2. The method for measuring sentence similarity according to claim 1,

the unlabeled corpus includes unlabeled data crawled through the internet.

3. The method for measuring sentence similarity according to claim 1, wherein the process of obtaining a shared context set from the context associated with a plurality of sentences with similarity to be calculated from the unlabeled corpus comprises,

acquiring the context related to each sentence with similarity to be calculated in the plurality of sentences with similarity to be calculated from the non-labeling corpus;

and combining all the contexts to obtain the shared context set.

4. The method for measuring sentence similarity according to claim 3, wherein the process of obtaining the context associated with each sentence with similarity to be calculated from the unlabeled corpus comprises,

and acquiring the context related to each sentence with the similarity to be calculated from the non-labeled corpus by using a word frequency-inverse document frequency algorithm.

5. A sentence similarity measuring device is characterized by comprising,

a module, configured to obtain a shared context set from the unlabeled corpus, where the shared context set is obtained by obtaining contexts related to multiple sentences with similarity to be calculated, calculate each sentence with similarity to be calculated by using the context matching model, obtain a context score for each context in the shared context set, and further obtain a context score vector for each sentence with similarity to be calculated by using all the context scores; and the number of the first and second groups,

and the module is used for calculating cosine similarity between each context score vector and the rest of the context score vectors so as to obtain sentence similarity between the sentence with the similarity to be calculated corresponding to the context score vector and the rest of the sentences with the similarity to be calculated.

6. The apparatus for sentence similarity measurement according to claim 5, wherein the module for unsupervised learning of the context matching relationship of each sentence in the predetermined unlabeled corpus using the language model tool to obtain the context matching model further comprises,

and the sub-module is used for obtaining the label-free corpus by crawling label-free data through the Internet.
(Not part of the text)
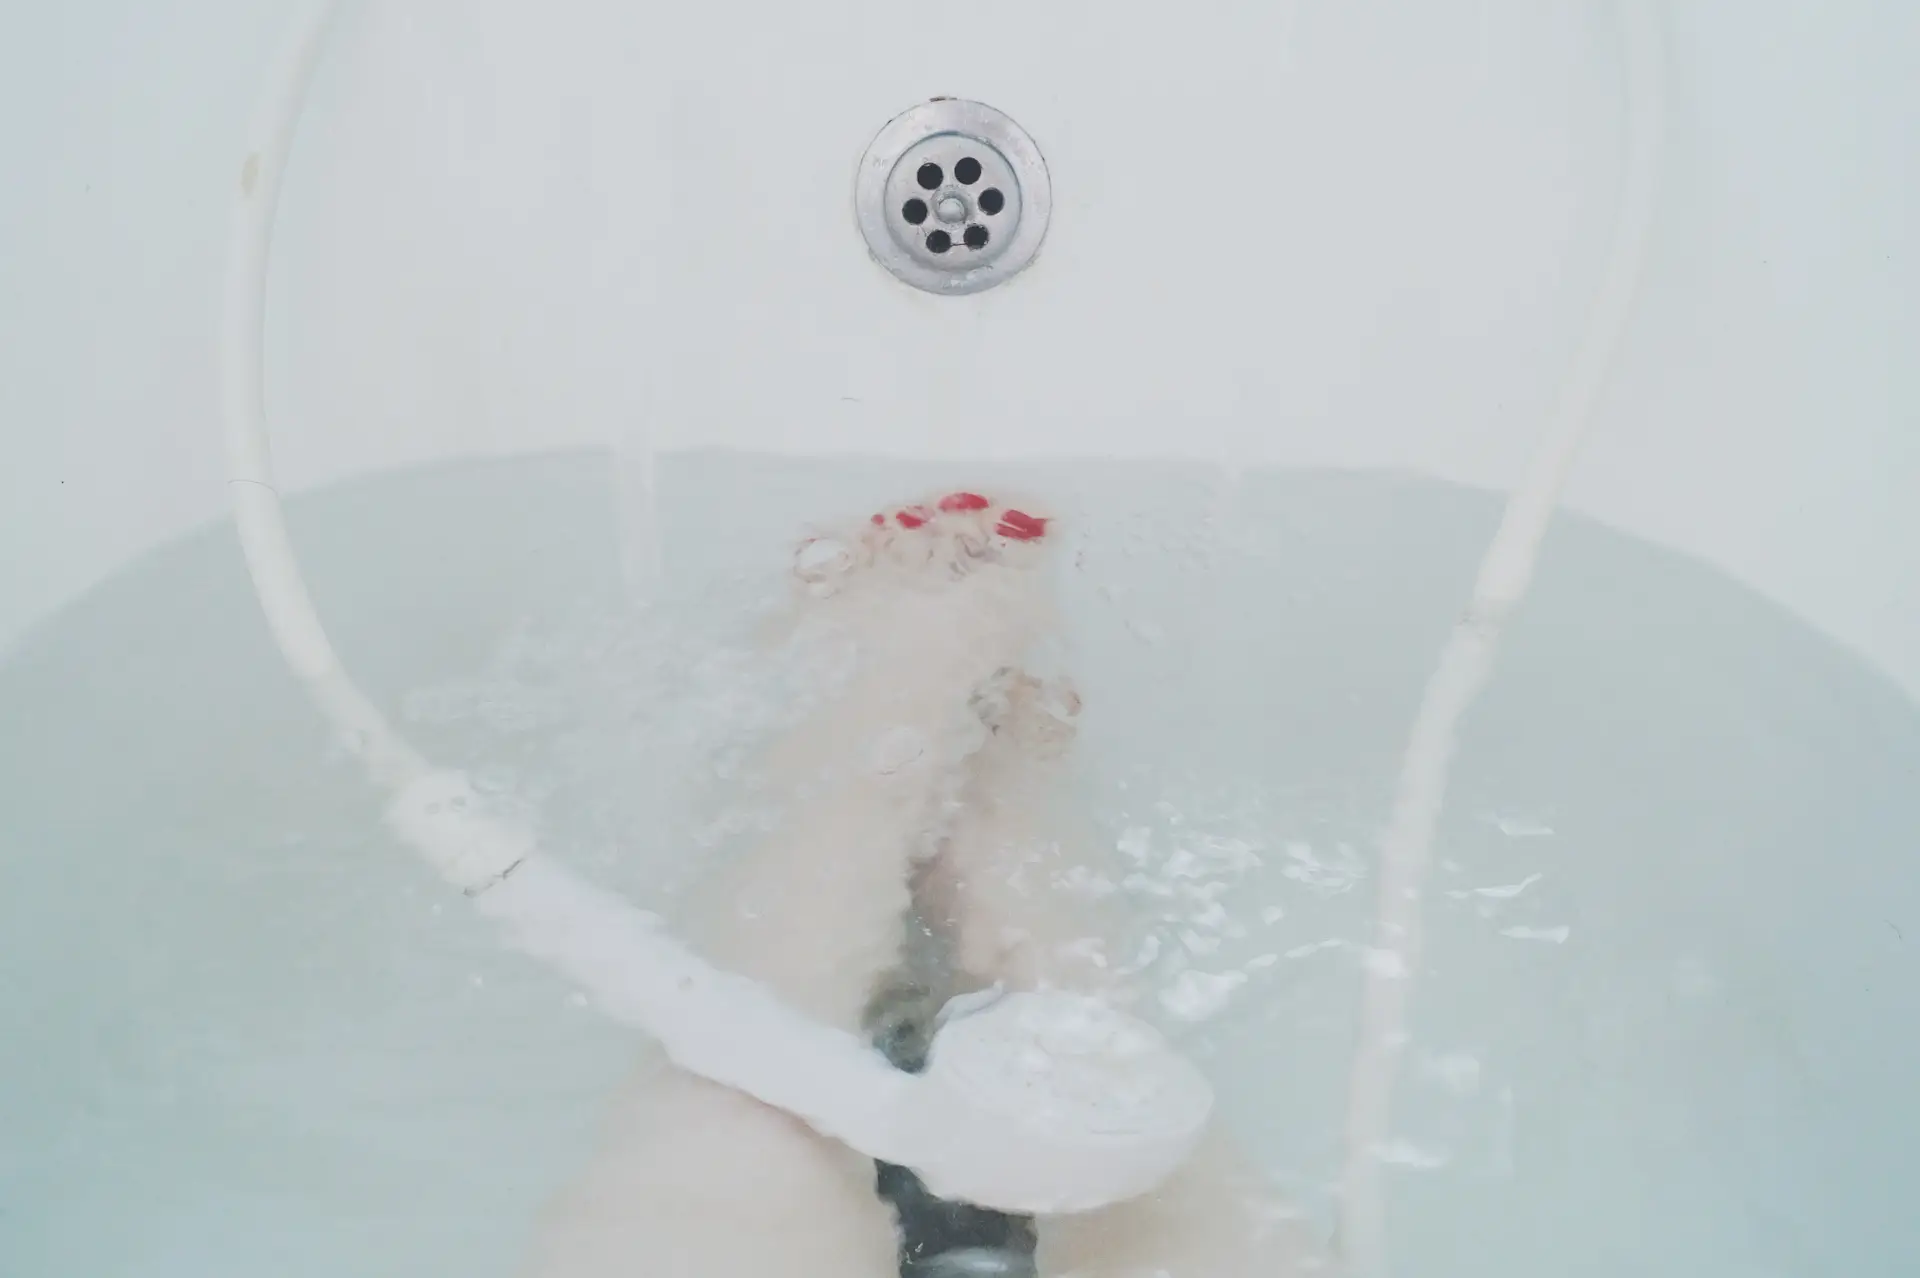 a woman's feet in a bathtub with a handheld shower head

7. The sentence similarity measurement apparatus according to claim 5, wherein the module for obtaining the context related to the plurality of sentences with similarity to be calculated from the unlabeled corpus to obtain a shared context set, and calculating each sentence with similarity to be calculated by using the context matching model, and further obtaining a context score vector of each sentence with similarity to be calculated by using all the context scores together with the context score of each context in the shared context set,

and the sub-module is used for acquiring the context related to each sentence with the similarity to be calculated from the non-labeled corpus by using a word frequency-inverse document frequency algorithm.

8. A computer readable storage medium storing computer instructions, wherein the computer instructions are operable to perform the sentence similarity measure method of any one of claims 1-4.

9. A computer device comprising a processor and a memory, the memory storing computer instructions, wherein the processor operates the computer instructions to perform the sentence similarity measure method according to any one of claims 1-4.